REPUBLIKA.CO.ID,CIBINONG -- Majelis Ulama Indonesia (MUI) Kabupaten Bogor, Jawa Barat menggelar seleksi ujian masuk Pendidikan Kader Ulama (PKU) angkatan XIVdalam rangka mendukung Program Pancakarsa Kabupaten Bogor, khususnya "Karsa Bogor Berkeadaban".
"Alhamdulillah kami konsisten menyelenggarakan PKU hingga angkatan ke-14, hal inilah yang membedakanMUI Kabupaten Bogor dengan MUI lain di Indonesia, bahkan kami mendapatkan apresiasi dari MUI pusat, Kementerian Agama, bahkan Presiden Joko Widodo," kata Ketua MUI Kabupaten Bogor, KH Ahmad Mukri Aji di Cibinong, Kabupaten Bogor, Senin (29/6).
Menurut dia pada seleksi yang dilaksanakan selama dua hari, yakni Sabtu (27/6) dan Ahad (28/6), terkumpul 148 peserta yang berasal dari utusan MUI tingkat kecamatan, pondok pesantren, ormas Islam, dan instansi pemerintahan.
Dari 148 orang peserta, akan dipilih sebanyak 50 orang peserta terbaik berdasarkan penilaian. Nantinya PKU angkatan XIV ini akan dilaksanakan di Wisma Dharmais, Kecamatan Sukaraja Kabupaten Bogor selama empat bulan pada waktu yang belum ditentukan.
Adapun ujian seleksinya meliputi kajian Alquran dan hadits, bahasa Arab, Qiroatul Kutub (membaca Kitab Kuning), wawasan kebangsaan, keislaman, Kebogoran, dan wawancara khusus. Untuk ujian, kata AhmadMukriAja, dilaksanakan dengan menerapkan protokol kesehatan sesuai yang diperintahkan oleh Gugus Tugas Percepatan Penanganan Covid-19 Kabupaten Bogor.
Sementara itu, Ketua Alumni PKU, Saepudin Muhtar alias Gus Udin memberikan motivasi kepada para peserta PKU angkatan XIV, mengenai hidup yang merupakan proses pembelajaran.
"Belajar yang saya maksud bukan dalam arti pendidikan formal, melainkan belajar di universitas kehidupan yang sesungguhnya. Karena setiap waktu kita terus belajar dan akan terus begitu sepanjang hayat kita, pendidikan seumur hidup)," katanya.
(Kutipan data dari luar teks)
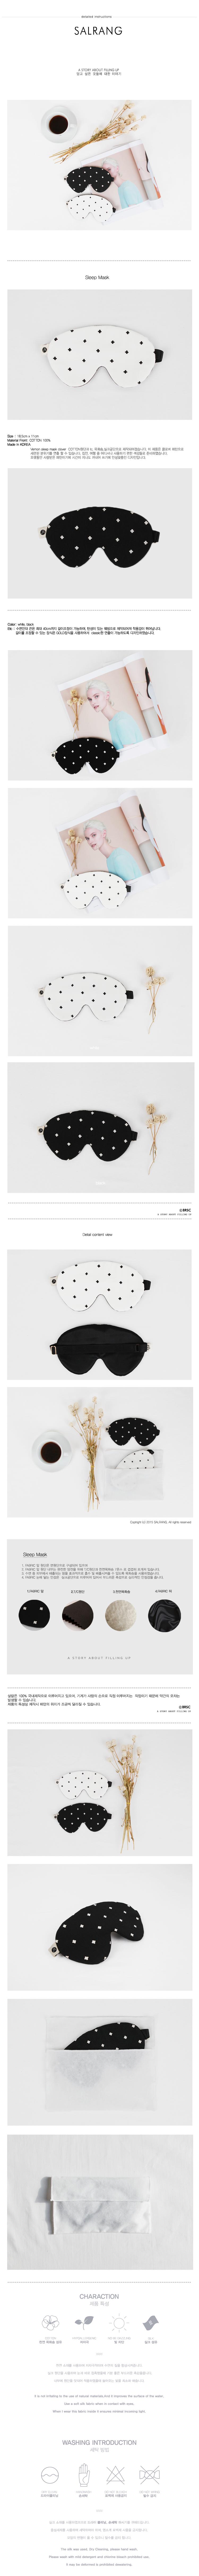 Vernon sleep mask 004 clover white - 살랑, 18,000원, 편의용품, 목쿠션/안대/슬리퍼

Ia mengajarkan mengenai empat fase yang dilalui manusia pada umumnya, yakni fase awal, fase pengenalan, fase pengakuan, dan fase penghormatan. "Dalam hidup ini sejatinya manusia melalui empat fase yaitu daurah musta'malah, daurah mu'tarafah, daurah mu'tabarah, dan daurah muhtaromah," demikian Saepudin Muhtar.